FIG. 2 illustrates an STT MU 23 (referred to as “MTJ 23”) of similar design to the MTJ 10 in FIG. 1. The MTJ 23 is provided as part of an MRAM bitcell 24 to store non-volatile data. The MRAM bitcell 24 may be provided in a memory array and used as memory storage for any type of system requiring electronic memory, such as a computer processing unit (CPU) or processor-based system, as examples. A metal-oxide semiconductor (typically n-type MOS, i.e., NMOS) access transistor 26 is provided to control reading and writing to the MTJ 23. The drain (D) of the access transistor 26 is coupled to the bottom electrode 22 of the MTJ 23, coupled to the pinned layer 14. A word line (VWL) is coupled to the gate (G) of the access transistor 26. The source (S) of the access transistor 26 is coupled to a voltage source (VS). A bit line (VBL) is coupled to the top electrode 20 of the MTJ 23, which is coupled to the free layer 12.

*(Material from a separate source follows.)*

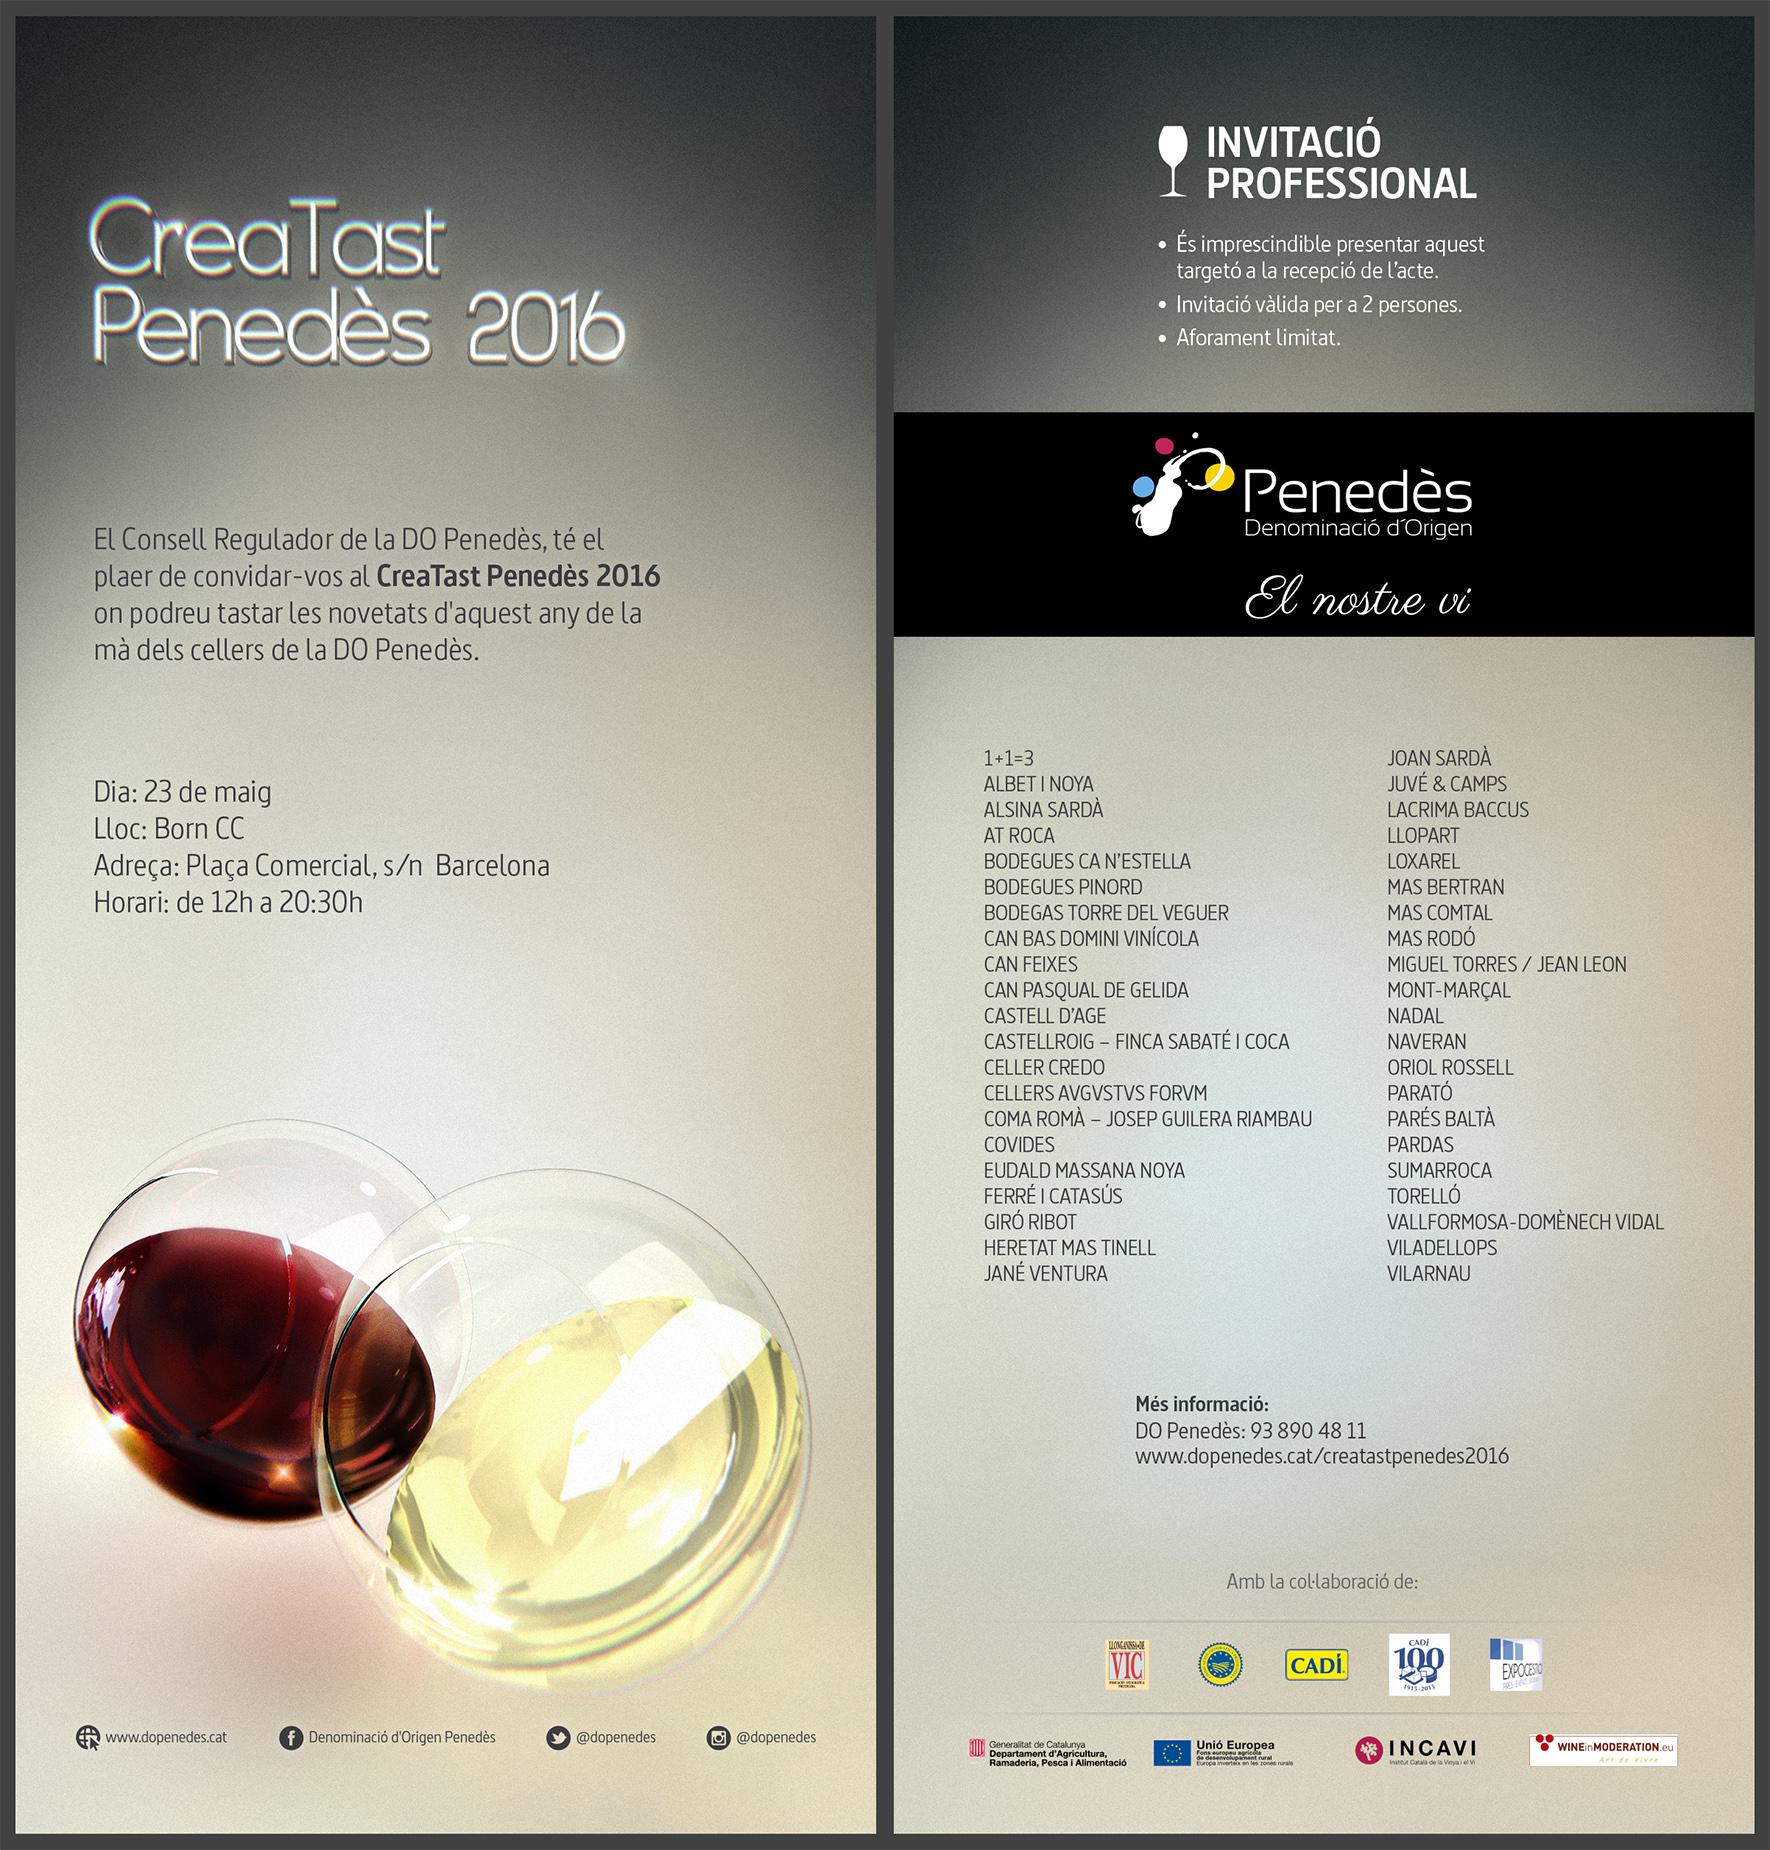 INVITACIO CREATAST PENEDES 2016-BCN JPG

When reading data stored in the MTJ 23, the word line (VWL) is activated for the access transistor 26 to allow a small current to flow through the MTJ 23 between the electrodes 20, 22. A low resistance, as measured by voltage applied on the bit line (VBL) divided by the measured current, is associated with a P orientation between the free and pinned layers 12, 14. A higher resistance is associated with an AP orientation between the free and pinned layers 12, 14. When writing data to the MTJ 23, the gate (G) of the access transistor 26 is activated by activating the word line (VWL). A voltage differential between the bit line (VBL) and the source line (VS) is applied. As a result, a write current (I) is generated between the drain (D) and the source (S). If the magnetic orientation is to be changed from AP to P, a write current (IAP-P) flowing from the top electrode 20 to the bottom electrode 22 is generated, which induces a STT at the free layer 12 to change the magnetic orientation of the free layer 12 to P with respect to the pinned layer 14. If the magnetic orientation is to be changed from P to AP, a current (IP-AP) flowing from the bottom electrode 22 to the top electrode 20 is produced, which induces an STT at the free layer 12 to change the magnetic orientation of the free layer 12 to AP with respect to the pinned layer 14.

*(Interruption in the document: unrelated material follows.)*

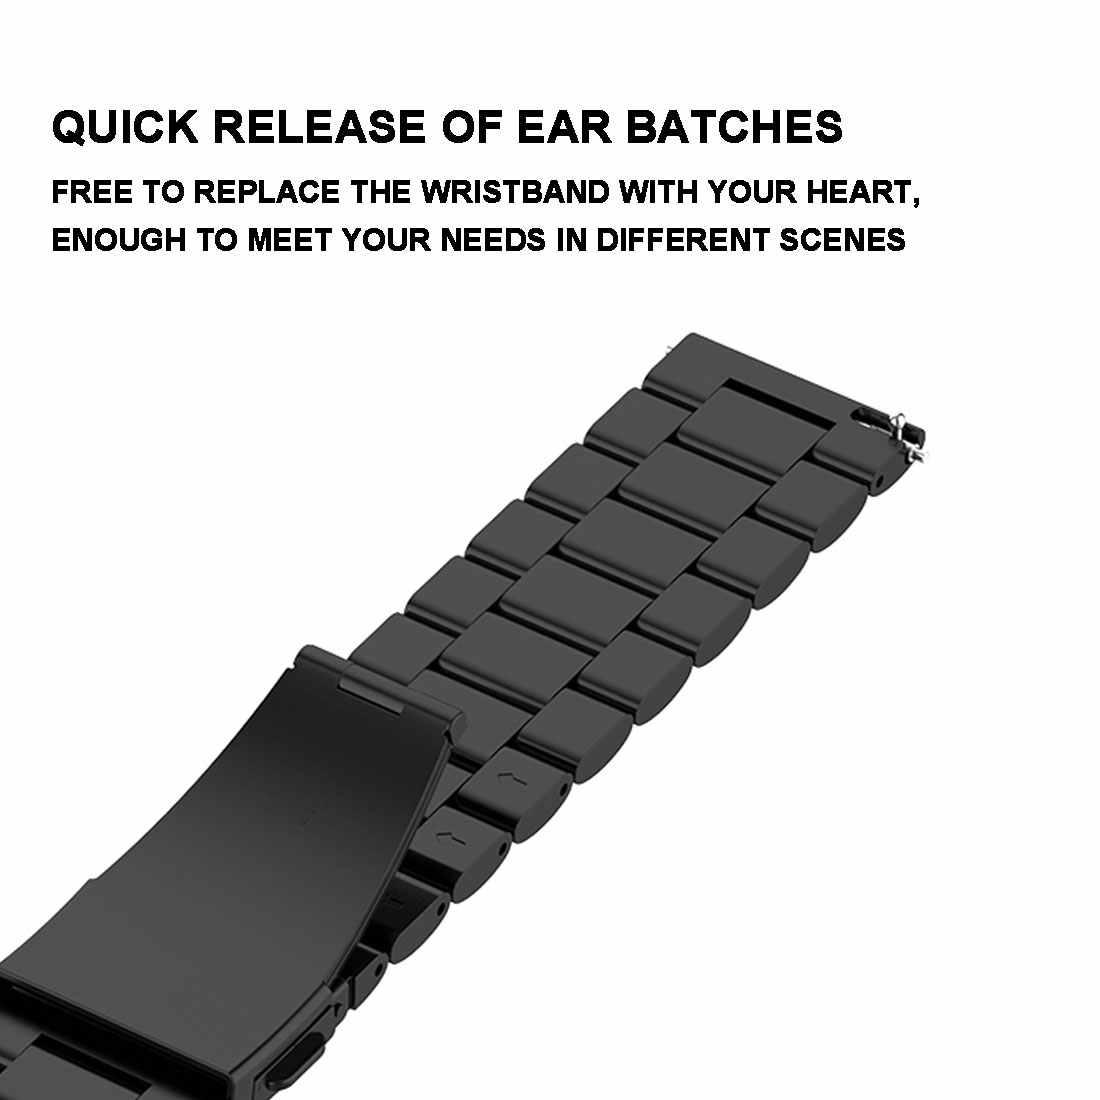 Correa de Metal de repuesto para Xiaomi Huami Amazfit Bip BIT Lite Youth Smart Watch pulsera de muñeca portátil correa de reloj 20mm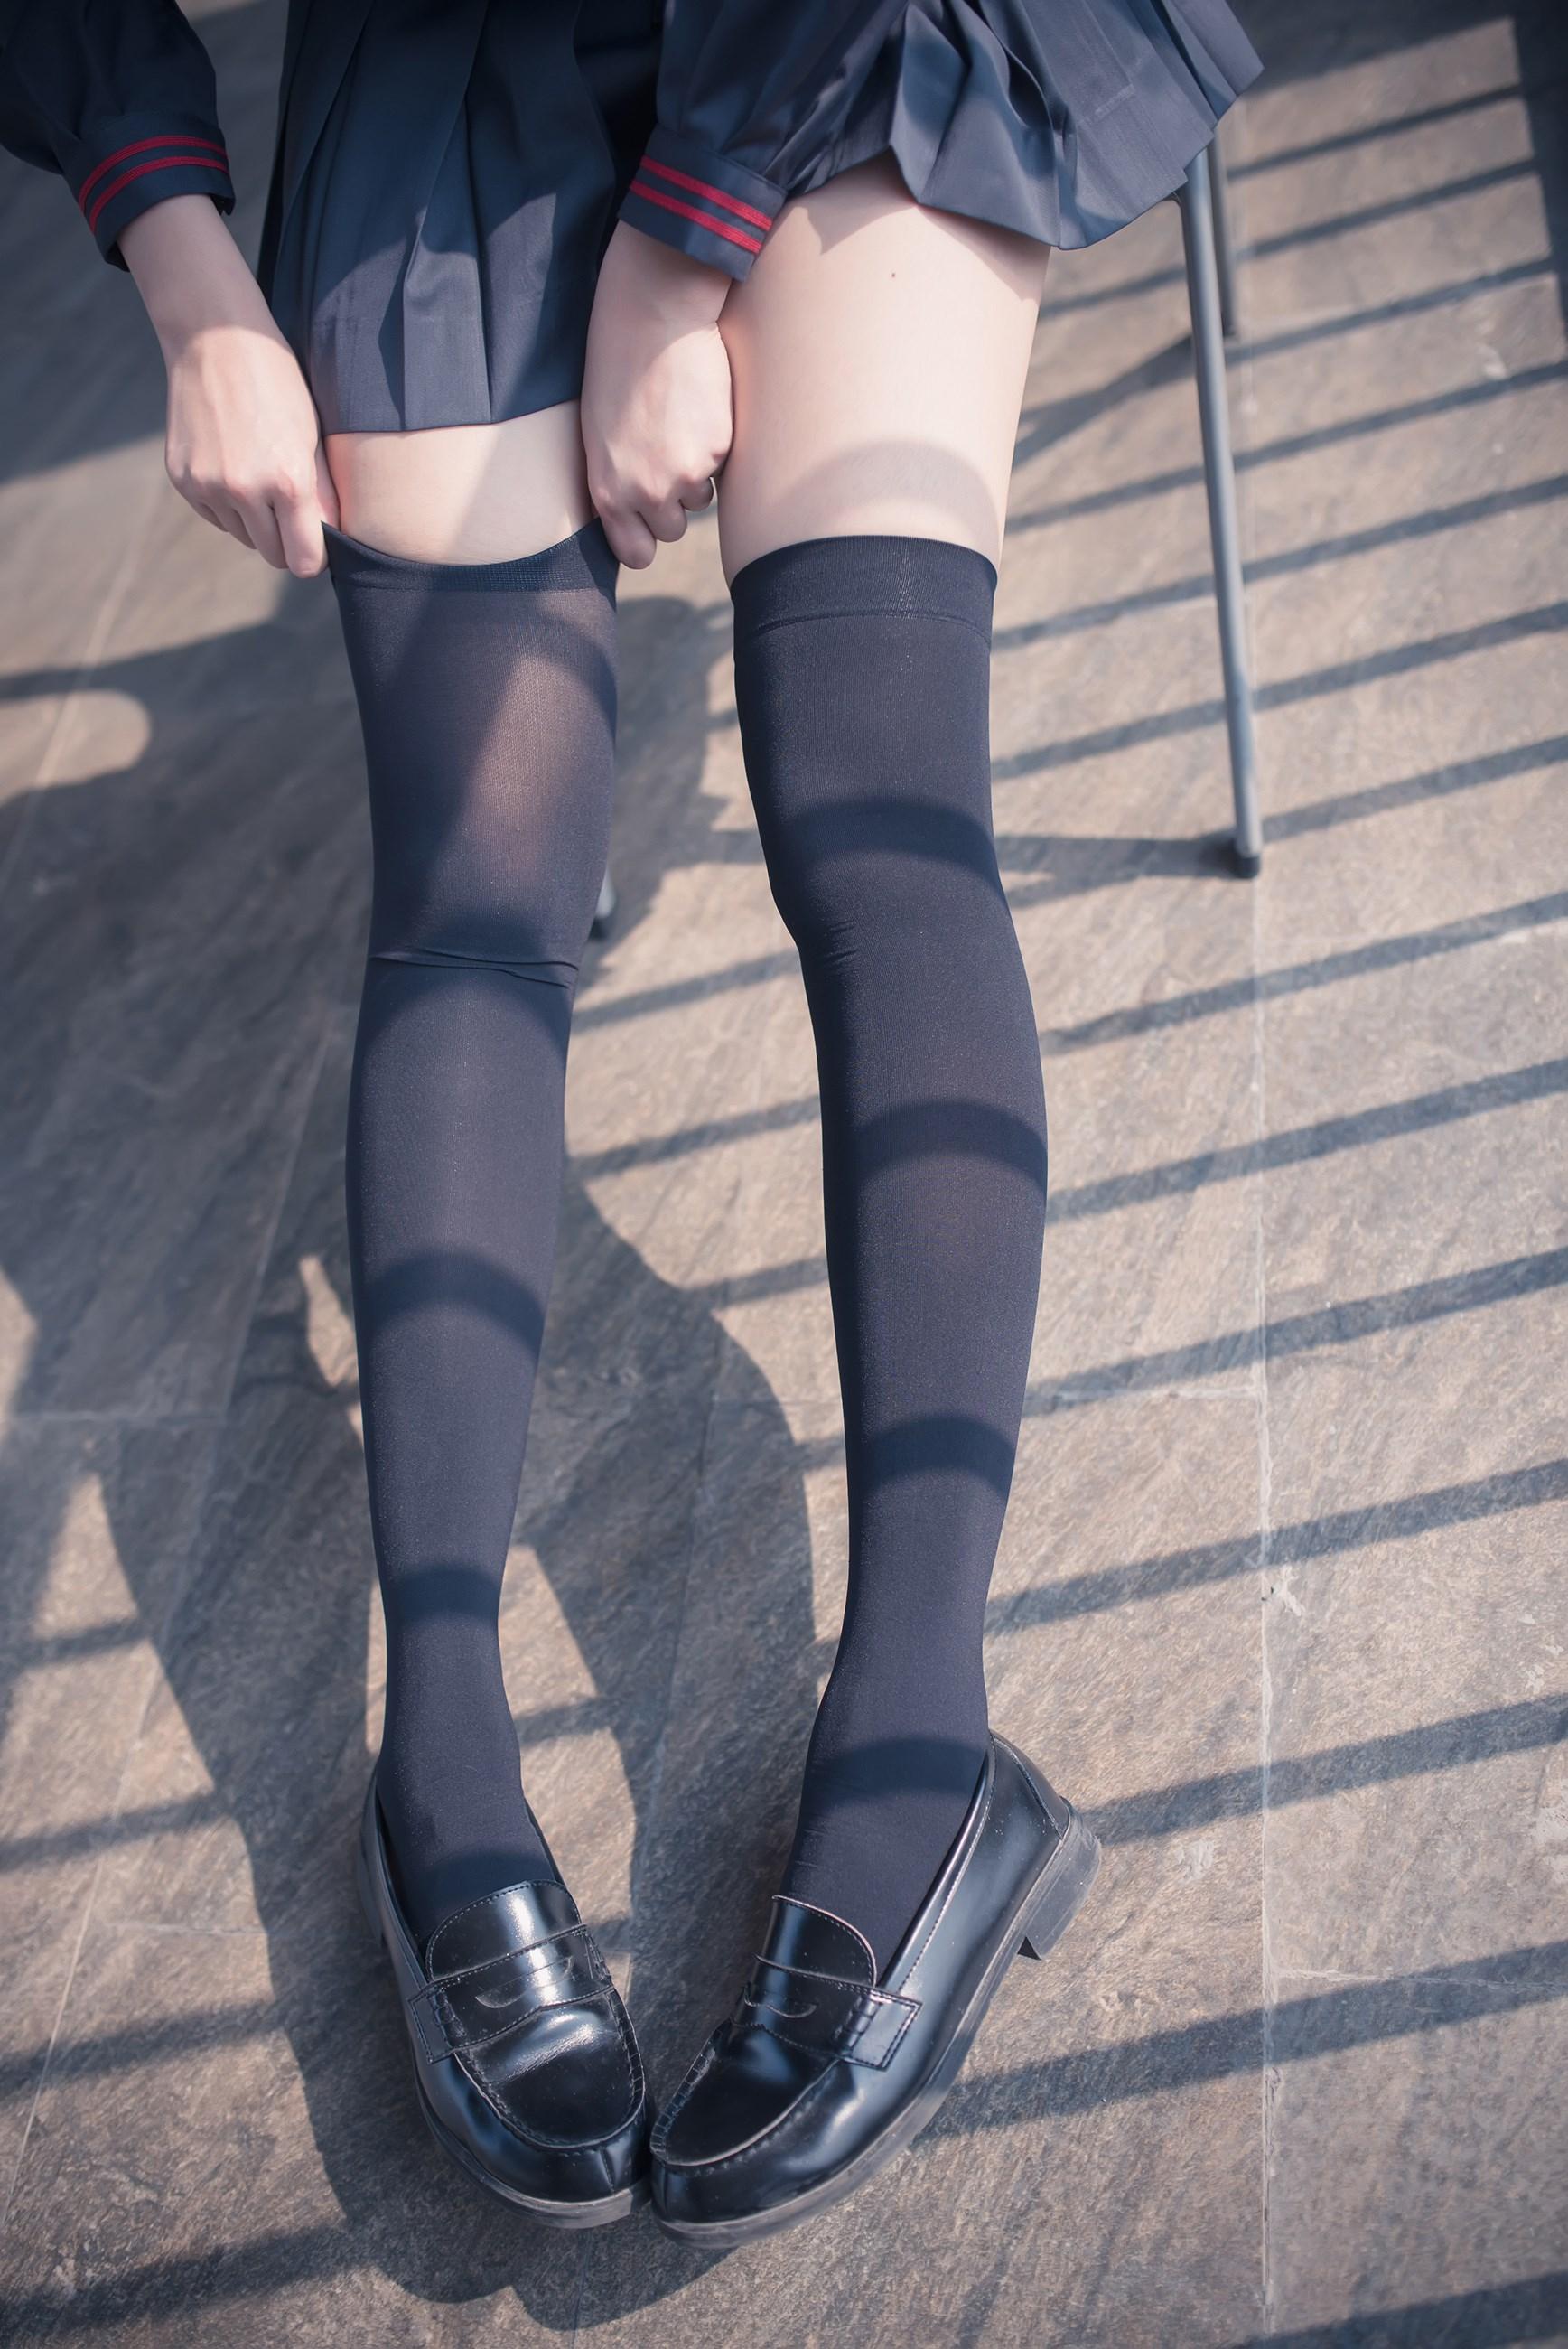 【兔玩映画】黑丝过膝袜 兔玩映画 第20张

Regardless of whether the device is provided as a switch or a read/write memory device or to what state the device is changing, a certain amount of current (i.e., power) is required. Power consumption shortens battery life in mobile terminals such as mobile phones and generates waste heat which must be dissipated in all devices. Thus, as noted above, there is a generally desired goal to reduce power consumption in processor based systems that may employ MRAM.